Fransa'da görülen ve testlerde belirlenemeyen yeni mutasyona da değinen
Prof. Dr. Yavuz, bu mutasyonun tehlike olarak değerlendirilebilmesi için
lokalize kalmaması ve birkaç ülkede daha görülmesi gerektiğini
söyleyerek, "Çok sayıda varyant olabiliyor. Fakat bunların önem arz eden
varyantlar haline gelebilmesi için fenotipik görünümünde bir değişiklik
olması lazım. Mesela bulaşıcılığını çok artırması, ölüm ya da hastalık
şiddetini artırması, testlerden kaçması lazım.
Gerçekten böyle bir şey
olursa o zaman daha yakından izlenmeye başlanıyor. Sadece bir yerde
sınırlı kaldıysa, onun bir anlamı olmuyor. O nedenle şu anda Fransa'da
tespit edilen varyant, önem arz eden ve yakından takip edilmesi gereken
bir varyant olarak değerlendirilmiyor. Ama eğer başka ülkelerde de
görülmeye başlanırsa, özellikle tanı testlerinden kaçması nedeniyle
önemli olabilir. Tanı testlerini değiştirmek de çok zor bir şey.
Değil
zaten tek gen bölgesi bakılmıyor tanı testlerinde. Birkaç bölgeye
bakılıyor. Mesela spike bölgesine, nükleokapsid gen bölgesine bakılıyor.

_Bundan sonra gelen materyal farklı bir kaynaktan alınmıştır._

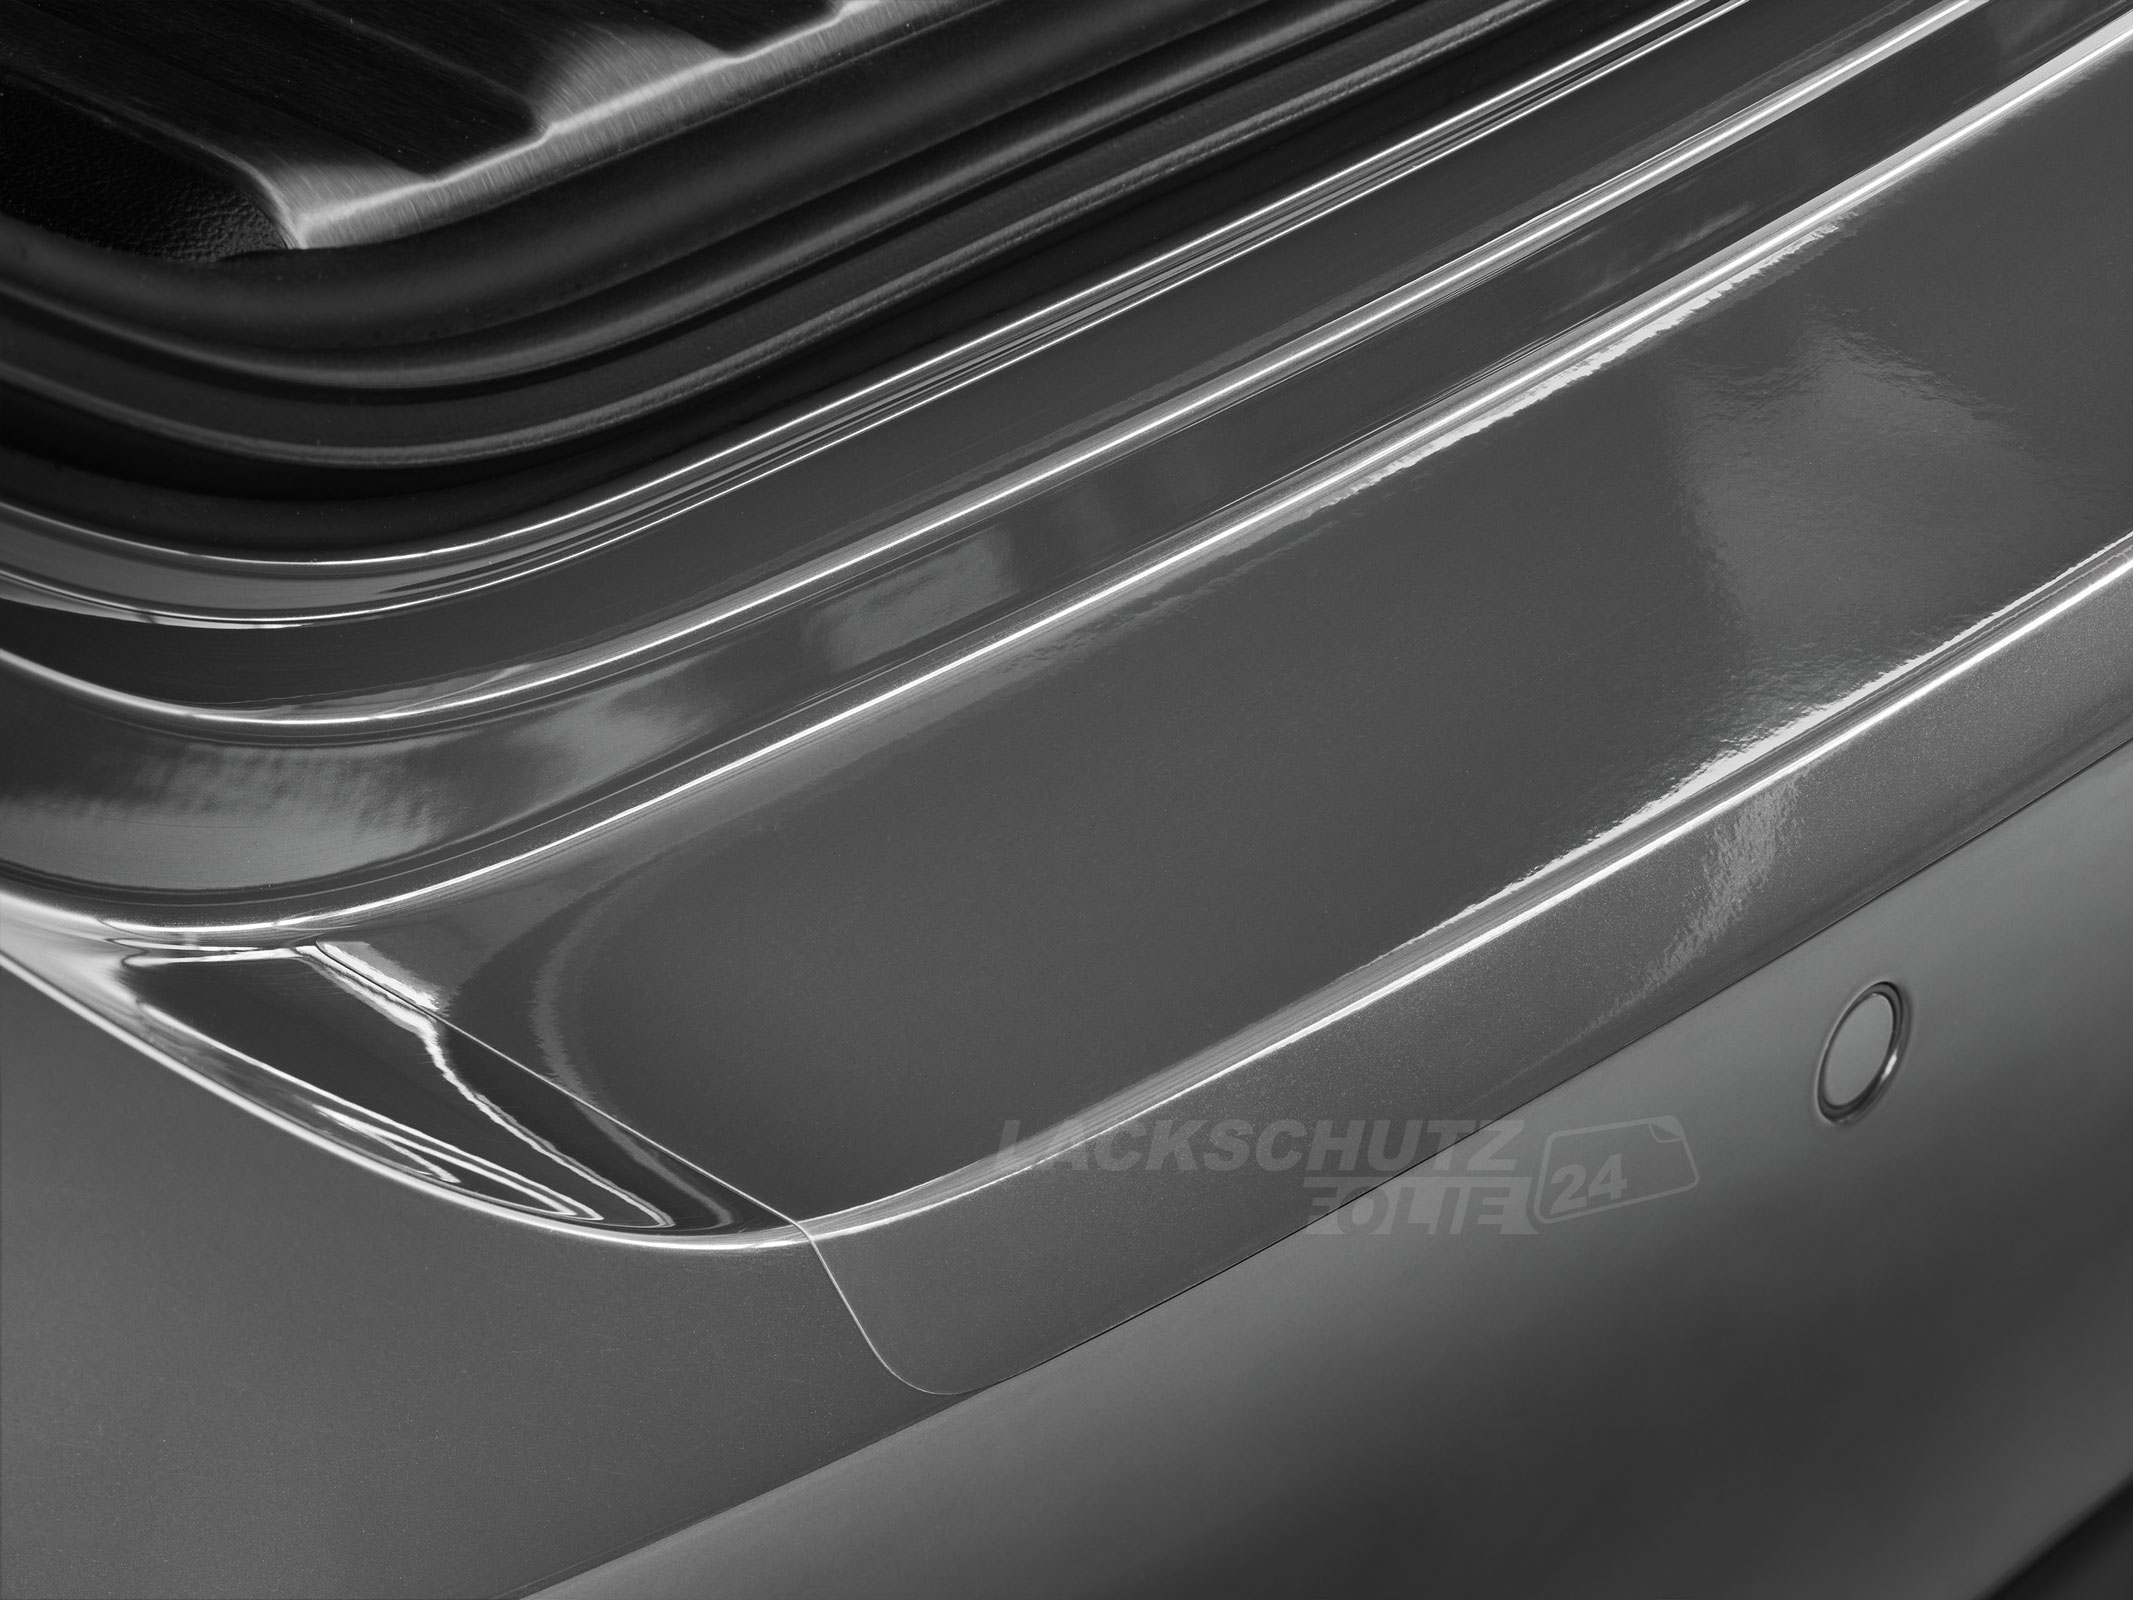 Ladekantenschutzfolie - Transparent Glatt Hochglänzend 150 µm stark für Volvo V70 Kombi Typ B, Facelift BJ 2013-2016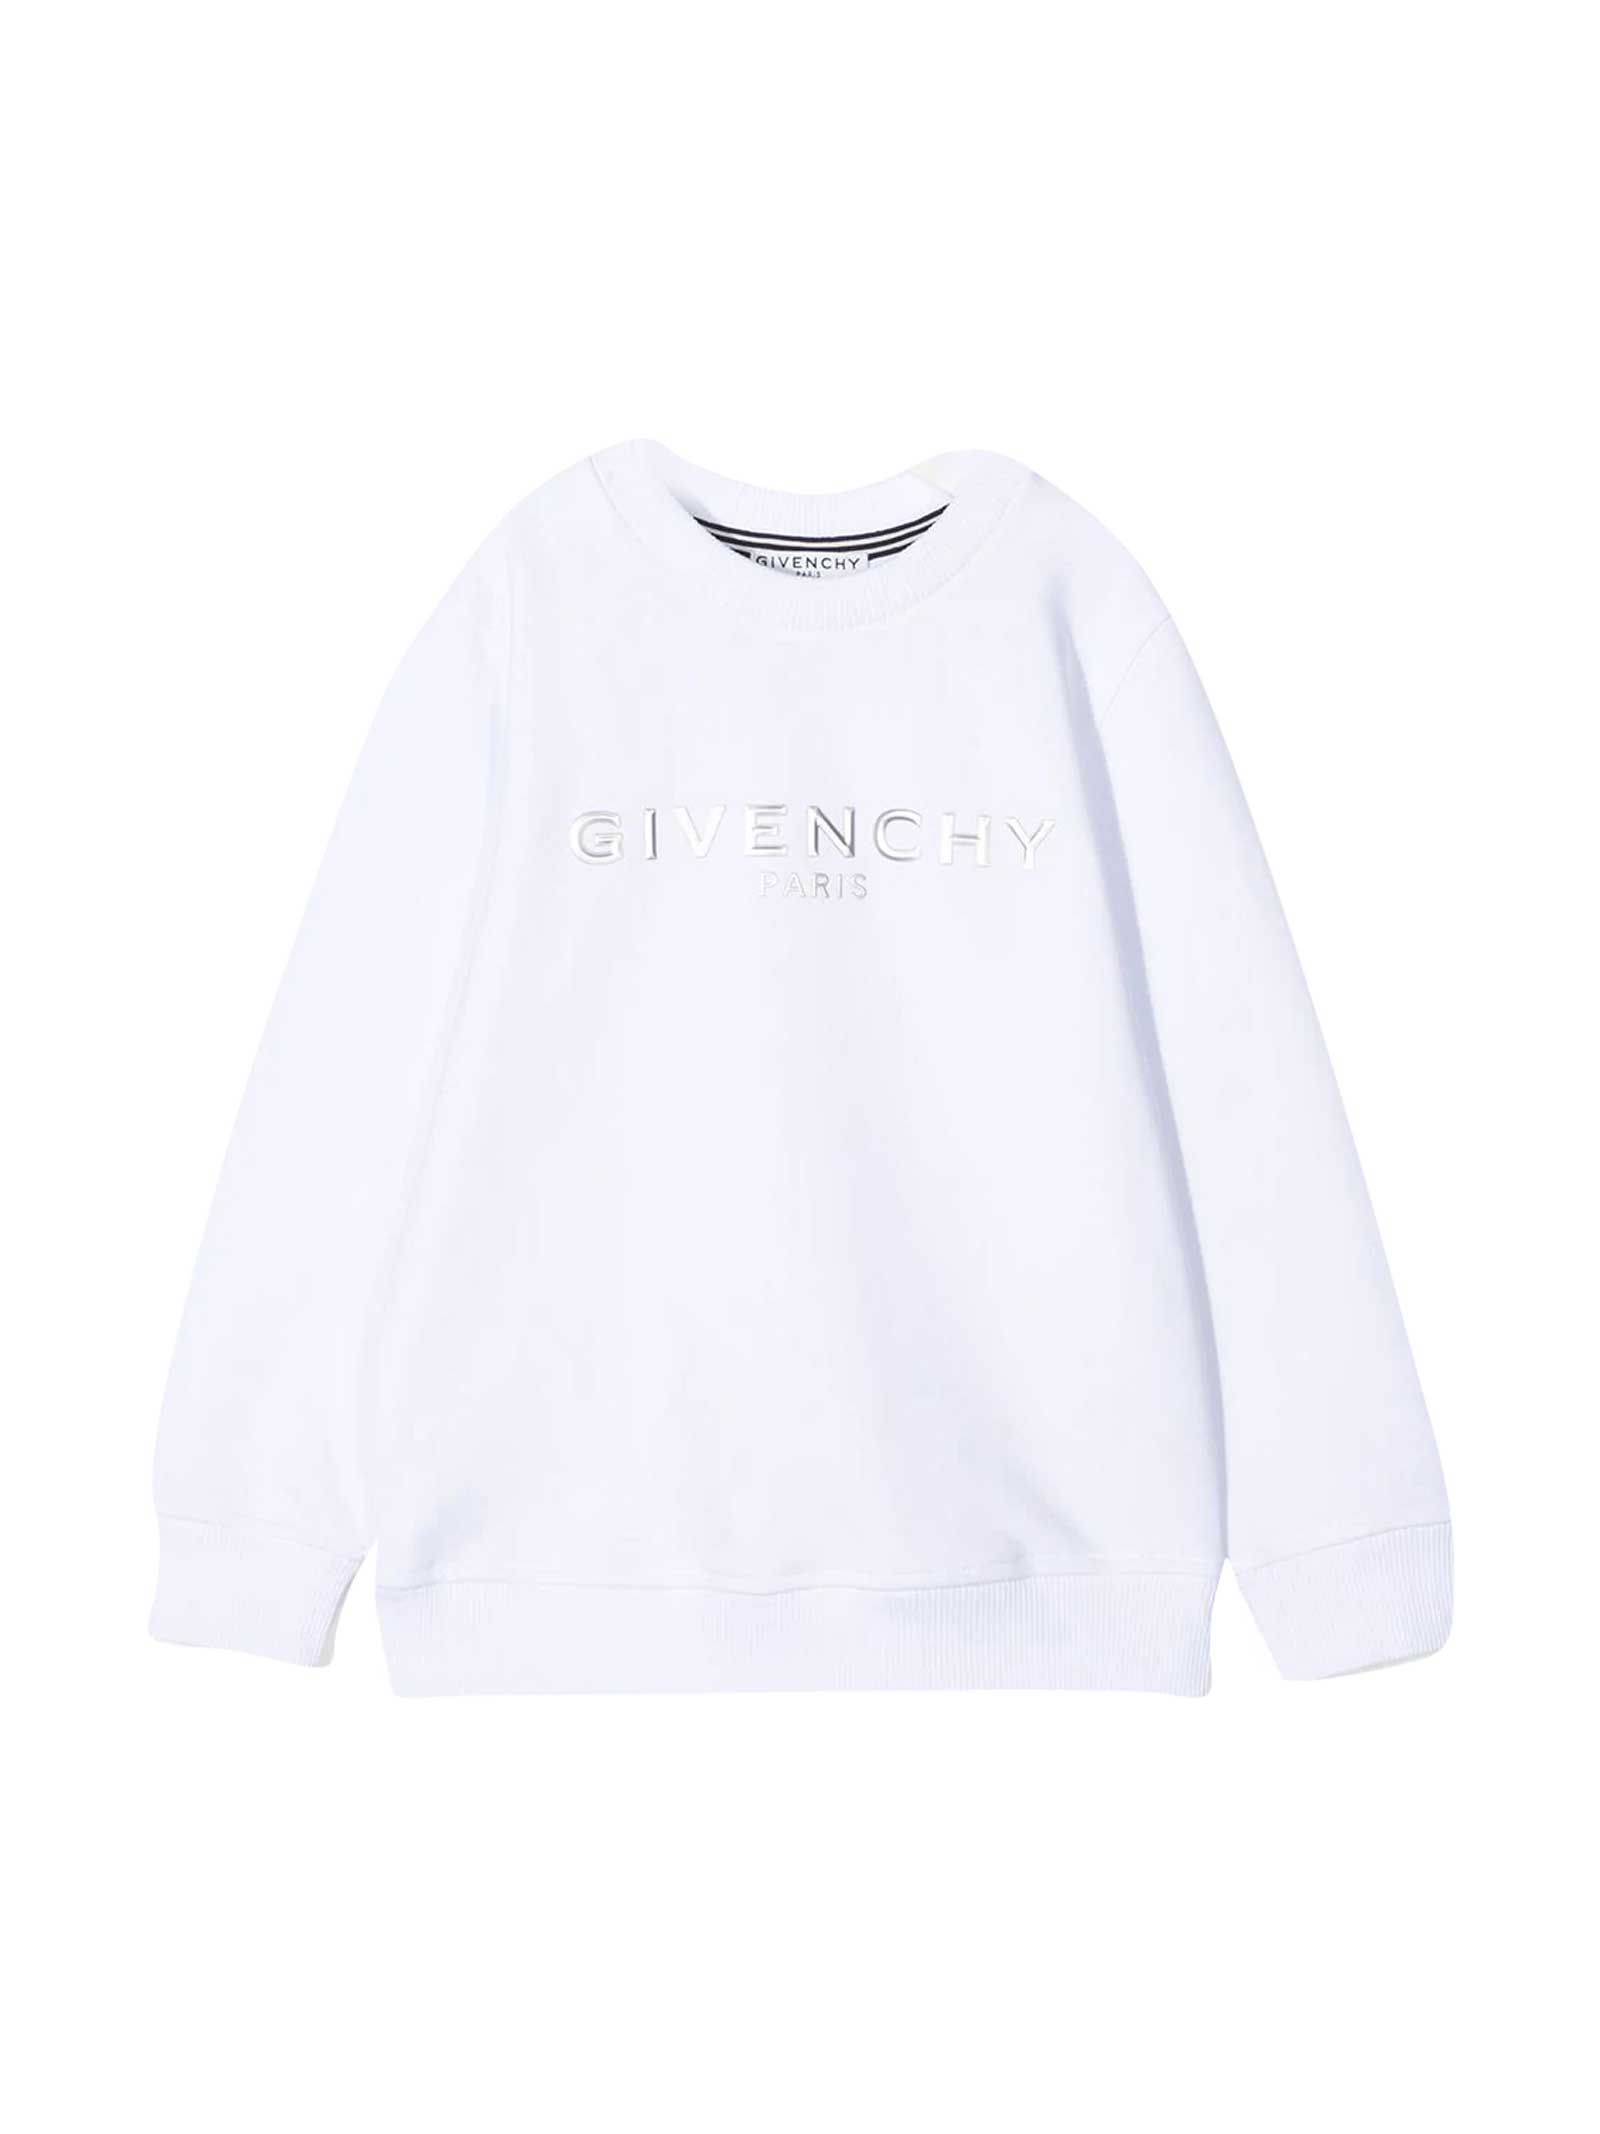 Givenchy White Sweatshirt With Logo

İngiliz varyantında da böyle oldu. Spike bölgesinde negatif çıkıyordu,
öyle tanıdılar. O nedenle şu anda bunlara (Fransa'daki varyanta)
inceleme aşamasındaki varyant deniyor. Türkiye'de de var böyle
varyantlar. Ama bunun önem arz etmesi durumunda rutin olarak izlemeniz
gerekiyor. Şu an öyle bir şey yok" dedi.